Subject: Re: PATA disk drive not being configured in 2.0.2
To: None <netbsd-help@netbsd.org, port-alpha@netbsd.org>
From: Dieter <netbsd@sopwith.solgatos.com>
List: port-alpha
Date: 06/11/2005 09:57:29
> Well, I'm out of idea on this one. It seems to use the correct bus_space
> handle, it even has the same aligneemnt as the one used for the satalink.
>
> Does anyone more familiar with the alpha architecture have an idea what's
> happening here ? What does the machine check below exactly mean ?
...
> This cmdide controller is the one from the motherboard, right ?

Yes.

> If it's an add-on PCI card, it would be possible that not all PCI address
> lines are wired up (this has been seen with some promise controllers), but
> if it's the one from the motherboard I would expect it to be wired
> properly.

Properly?  Well.... there is the "Vector allocation failed" thing.
http://mail-index.NetBSD.org/port-alpha/2005/02/04/0003.html
DEC says it is okay, but to my way of thinking the factory shouldn't
be putting out stuff with error messages.
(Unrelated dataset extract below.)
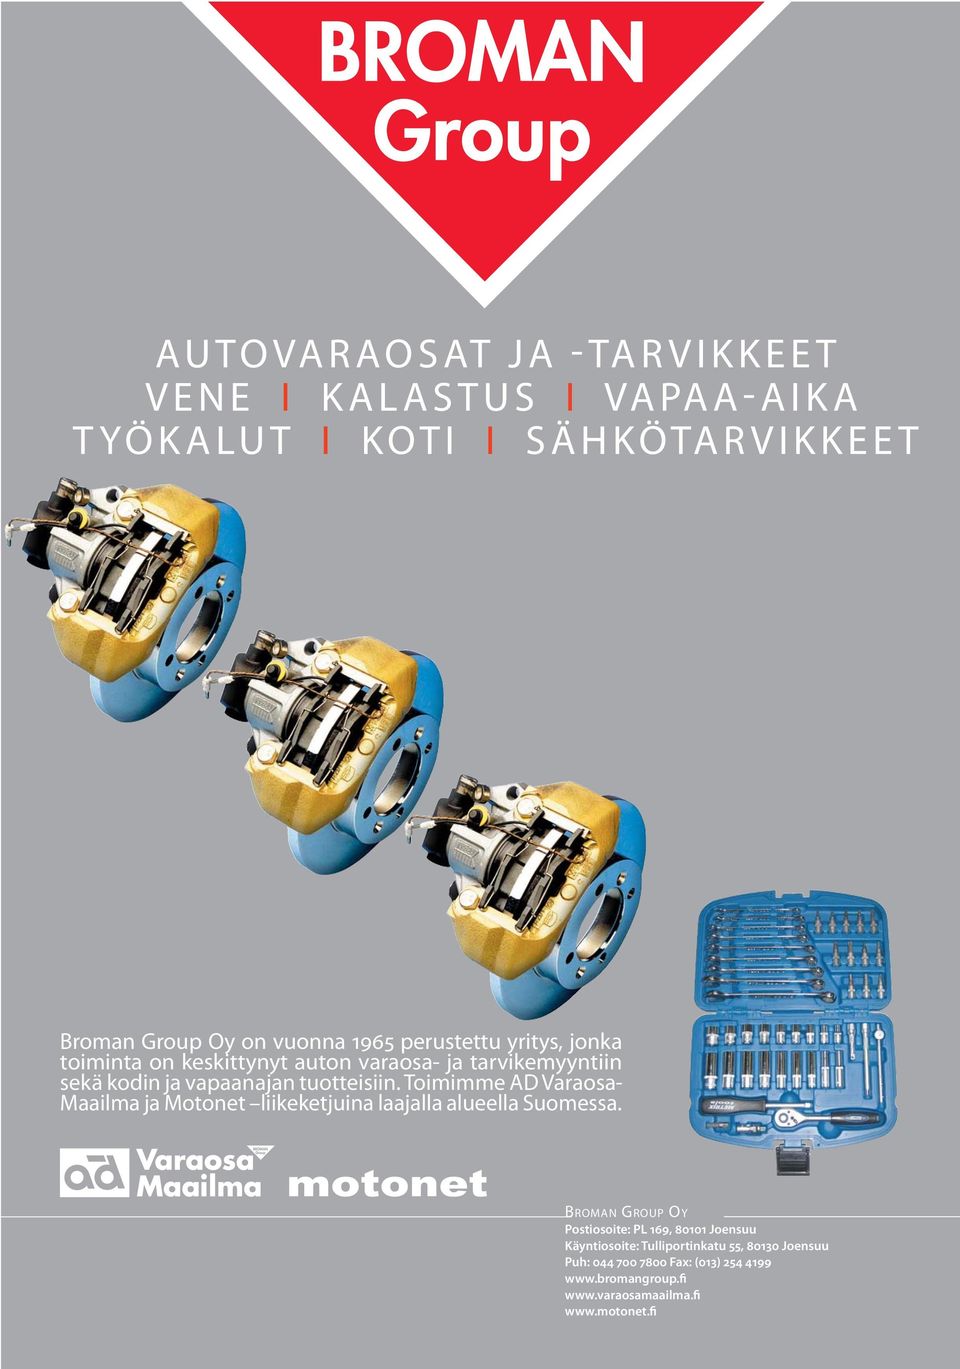 Toimimme AD Varaosa- Maailma ja Motonet liikeketjuina laajalla alueella Suomessa.

It was working in at least 1.6.2 and 2.0.  (Other than some unreadable
sectors which I assume are the drive's fault rather than the controller.
Maybe that's a bad assumption?  Drive is less than a year old and shouldn't
be having so many bad sectors.)  I did a clean shutdown to add the SATA
controller and disk.  Upon powerup I got a bunch of new "Vector allocation
failed" messages.  Grrr.  Removed a couple of boards I wasn't using and
swapped boards around until I was down to the one factory warning again.
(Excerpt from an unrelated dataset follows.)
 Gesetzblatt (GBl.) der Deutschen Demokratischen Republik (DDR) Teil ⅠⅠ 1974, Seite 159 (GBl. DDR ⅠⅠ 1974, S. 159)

So now kernels without cmdide don't configure the PATA disk.
Kernels with cmdide trap if a PATA drive is attached.
(I wasted a day or 2 swapping things around playing "let's see if
*this* disk will boot", while figuring this out.  Pulling the
SATA controller out didn't help, that was of course one of the first
things I tried.)

Put the PATA drive in a USB-to-PATA box.  Works okay until it gets a read
error (I assume), then even the simplest command to the disk takes about
25 minutes, and always fails.  Power cycle the USB box and the kernel hangs.
Great fun having to do reboot every time you get a read error.  My latest normal
(non-debug) kernel is working much better though.  Best guess is that
taking out cmdide fixed the USB, but I haven't tested that yet.

It appears that some sectors got bad data written to them.
Fsck seems to have made things worse rather than better.  :-(
So now I'm dd-ing partitions over to the SATA drive and working
with a copy, to avoid digging the hole even deeper.

So much for my plan to add a SATA drive to mirror the PATA one
and increase reliability.